Financial News from the Foremost Currency Group, 16th October 2017
In this week's Report:
Euro Struggles to Shrug off ECB Dovishness
Friday’s high: €1.1264
Friday’s low: €1.1195
GBP/EUR Recovers Ground amid Brexit Volatility
After slumping sharply in response to chief EU negotiator Michel Barnier’s ‘deadlock’ comment, the GBP/EUR exchange rate rallied ahead of the weekend.
Slightly more optimistic comments from other officials boosted the appeal of the Pound, raising hopes that the second phase of Brexit negotiations could still commence before Christmas.
While the two sides still appear largely at odds on a number of key issues, this was not enough to particularly dampen demand for the Pound on Friday.
Confidence in the Euro, meanwhile, remained somewhat limited thanks to the dovish nature of European Central Bank (ECB) President Mario Draghi’s latest words.

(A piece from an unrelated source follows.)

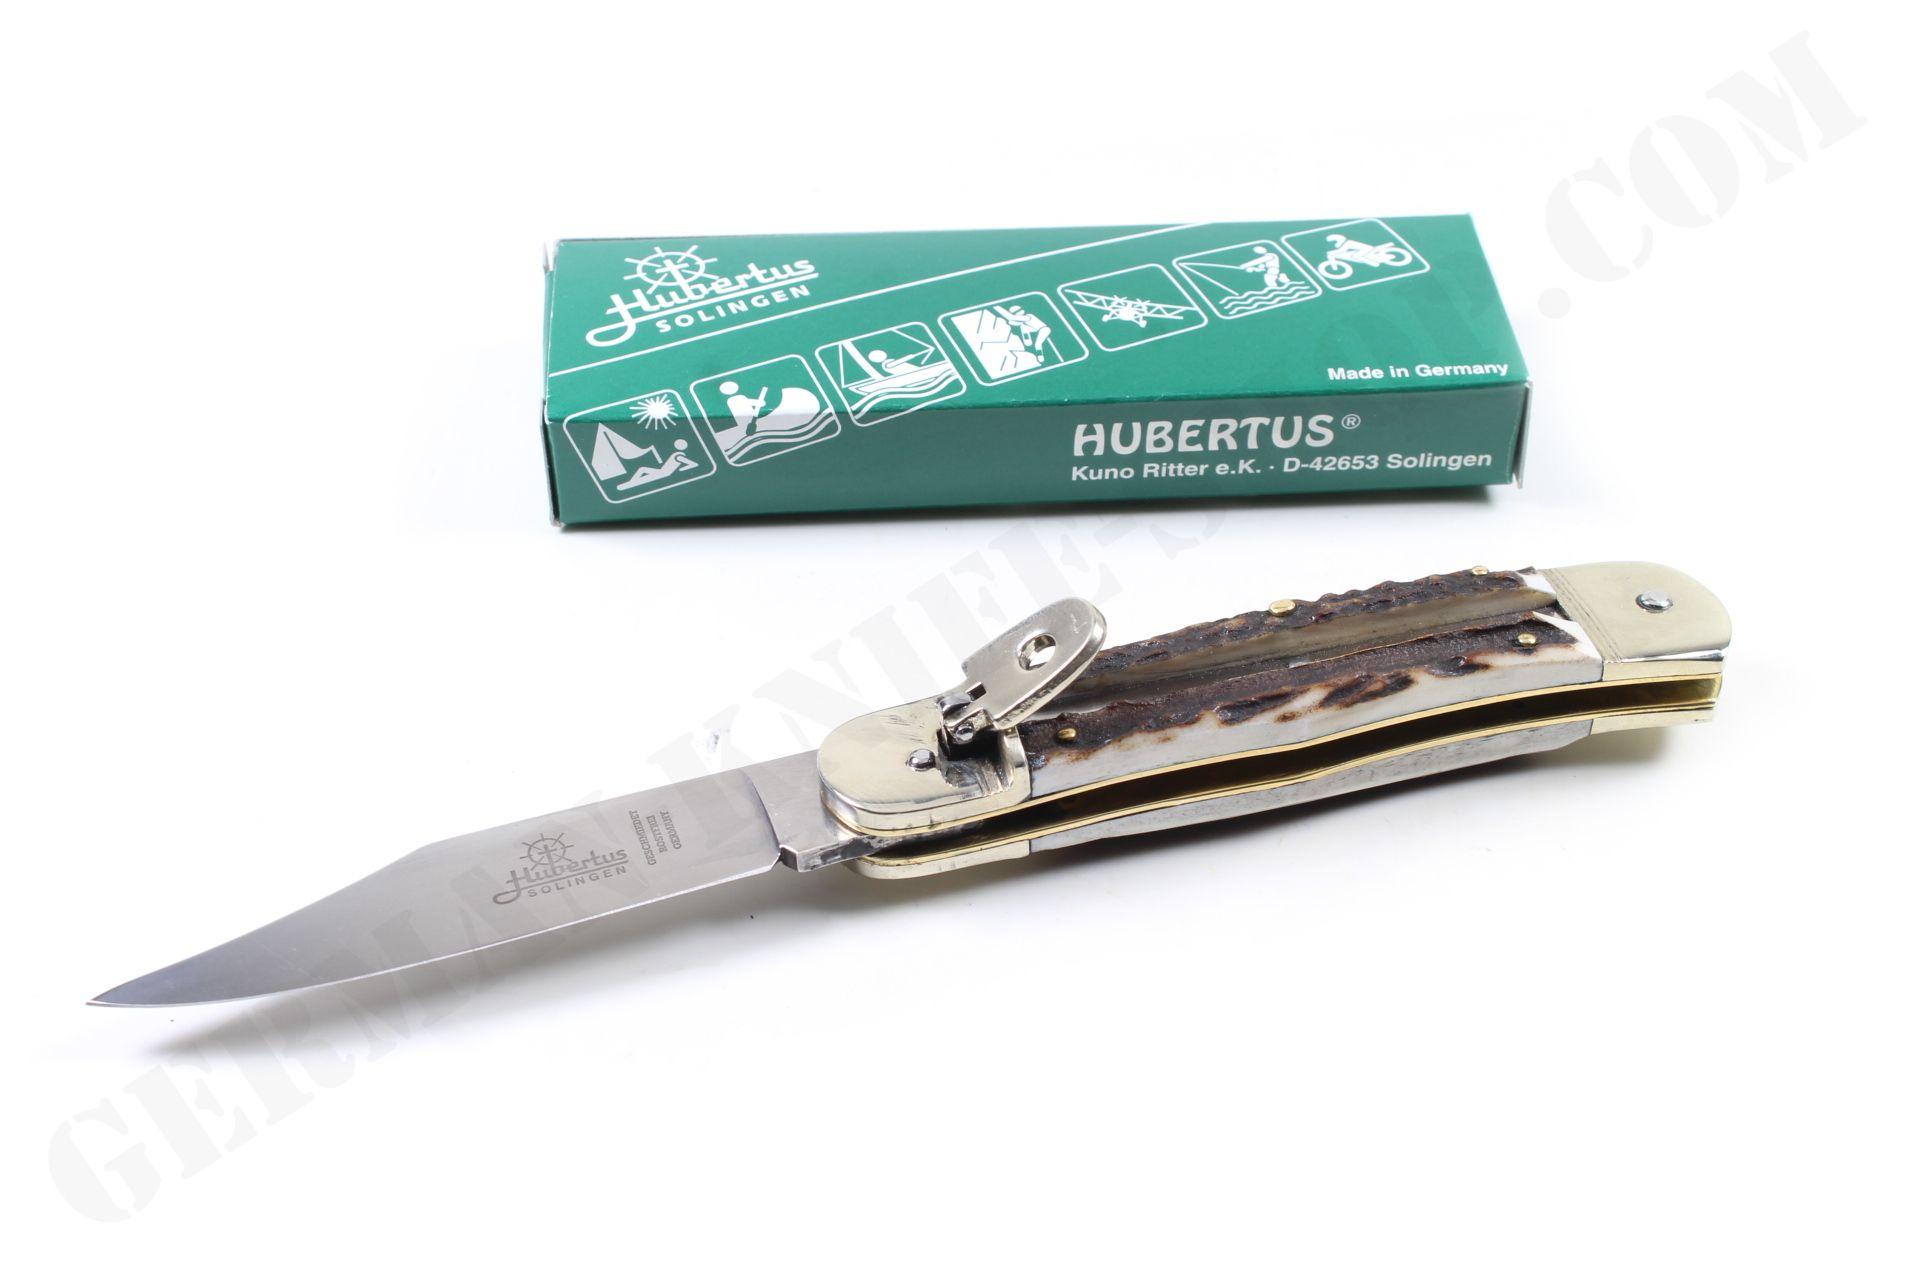 Hubertus Special Pocket Knife Large Buckhorn | Mossy oak

With the ECB looking set to maintain a cautious outlook for the foreseeable future, the upside potential of the single currency appears rather lacking at this juncture.
Even an unchanged finalised German consumer price index result was not enough to shore up the Euro, with signs of inflation within the Eurozone still failing to convince policymakers.
Euro Outlook: Narrowed Eurozone Trade Surplus to Limit EUR Gains
Demand for the single currency may be limited today, with forecasts pointing towards a narrowing of the Eurozone trade surplus.
Any deterioration in trade conditions could encourage further selling of the Euro, even if the surplus remains relatively large.
However, political developments are likely to remain the main influence on EUR sentiment in the near term.
If the Catalan crisis shows fresh signs of escalation then the GBP/EUR exchange rate could make further gains.
Unless the Spanish and Catalan governments can move towards a peaceful agreement, the future stability of the entire currency union could remain in question.
The Euro could find some support against the Pound as markets brace for tomorrow’s UK consumer price index, which is likely to provoke significant GBP volatility.
Should the odds of an imminent Bank of England (BoE) interest rate hike appear to weaken, the Pound could trend sharply lower against its rivals.